◆ **Exercise**:
Only the pictures should be dropped; every line of the data must come back exactly as written.

[Data shown — start]

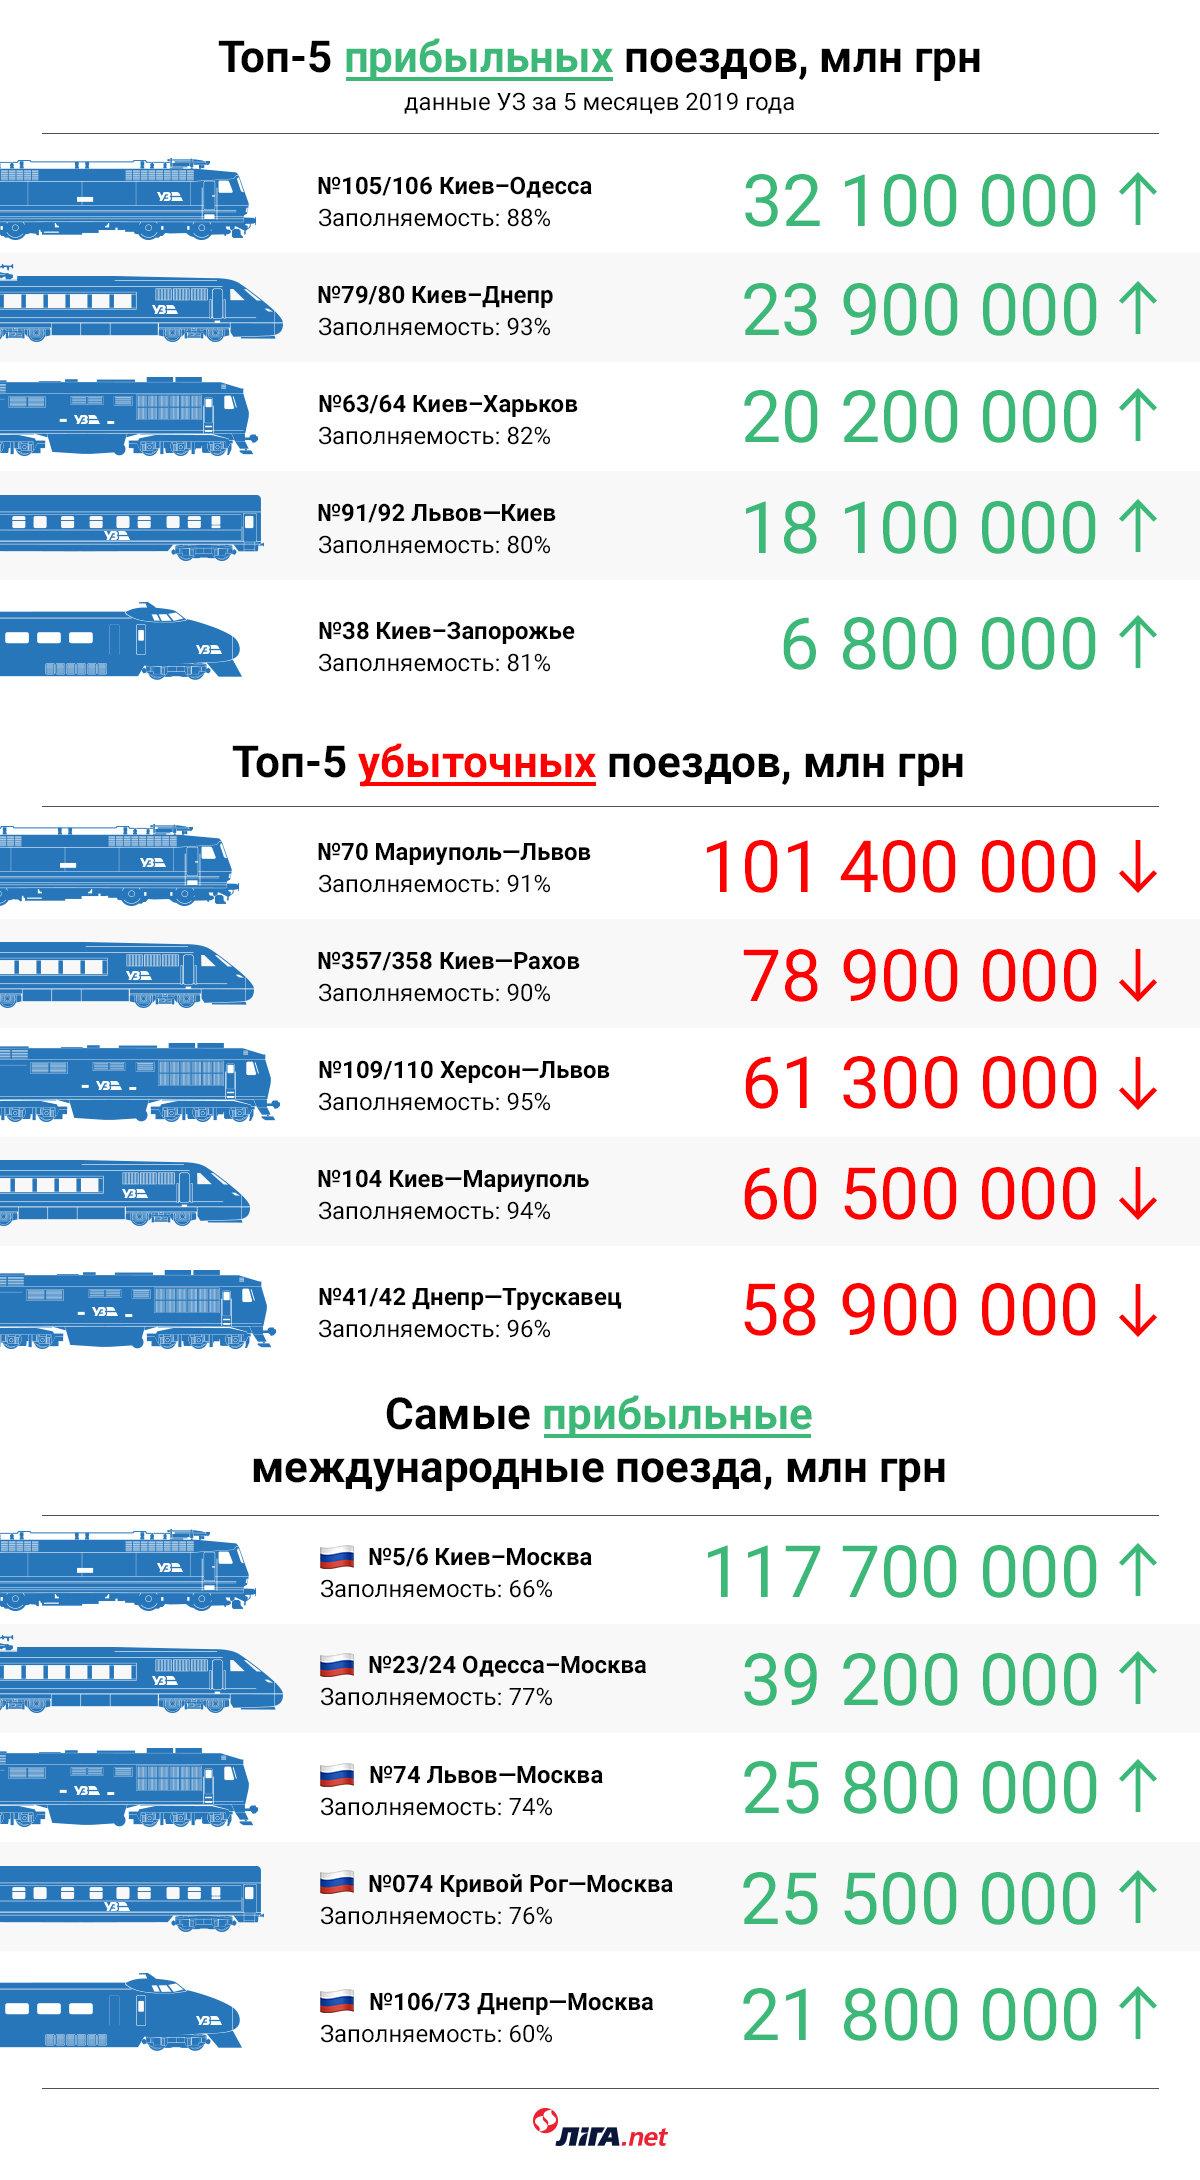 «Укрзалізниця» шокує: Поїзд «Хмельницький-Москва» визнали одним з найприбутковіших , фото-1
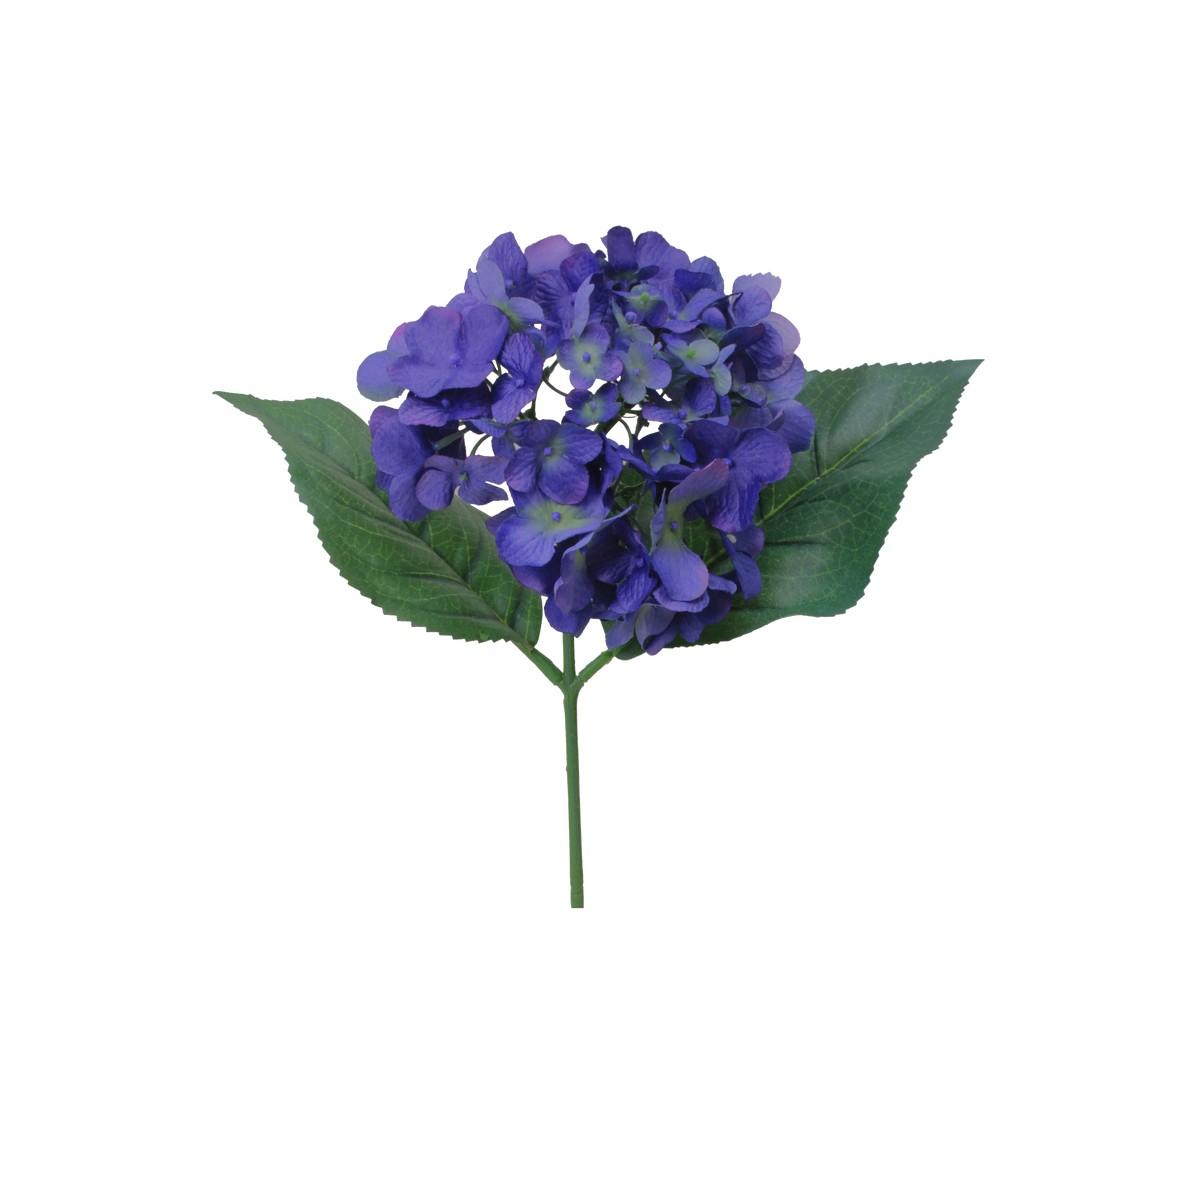 【造花】パレ/ハイドランジアピック ブルー/P-8284-70|造花 バラ【01】【取寄】[12本]
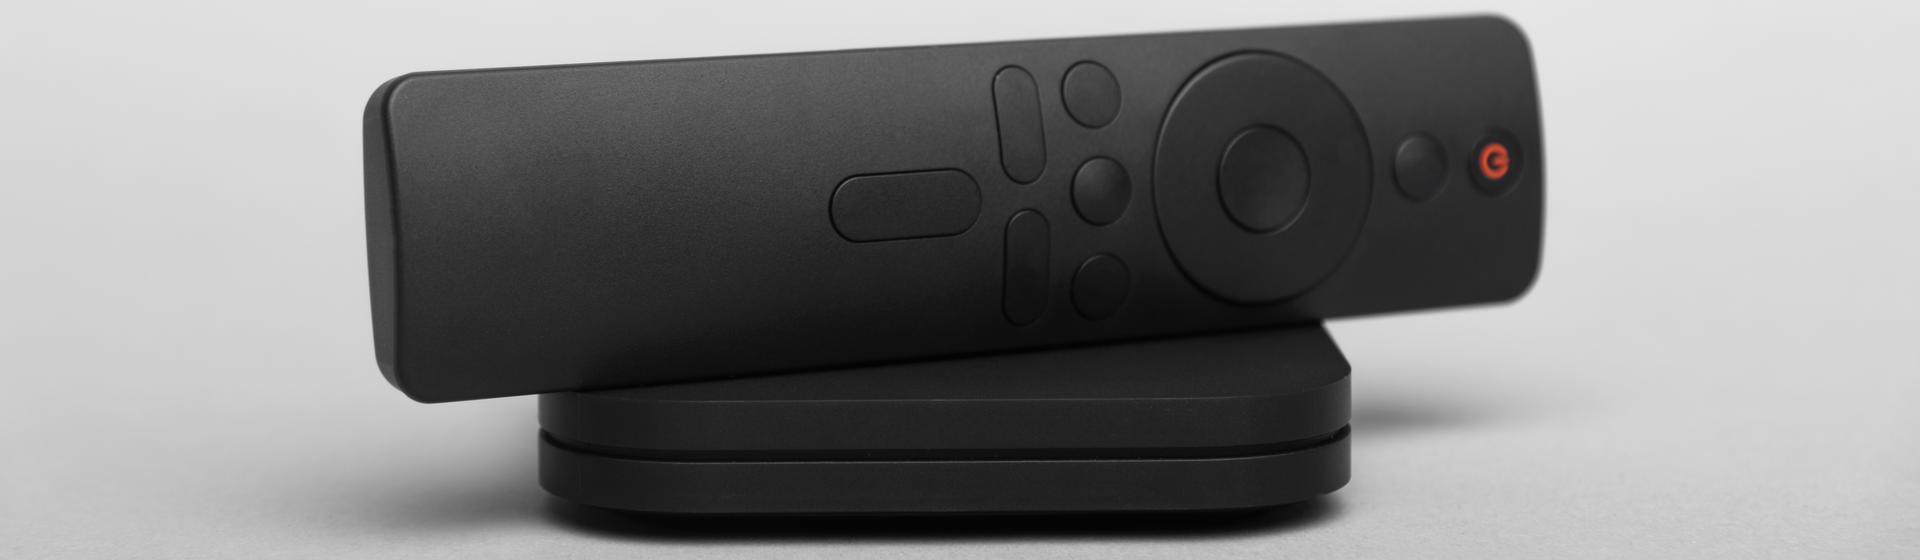 Melhor TV Box: confira opções para comprar na Semana do Brasil 2020

[Data shown — finish]

◆ **Exercise result**:
 «Укрзалізниця» шокує: Поїзд «Хмельницький-Москва» визнали одним з найприбутковіших , фото-1
 【造花】パレ/ハイドランジアピック ブルー/P-8284-70|造花 バラ【01】【取寄】[12本]
 Melhor TV Box: confira opções para comprar na Semana do Brasil 2020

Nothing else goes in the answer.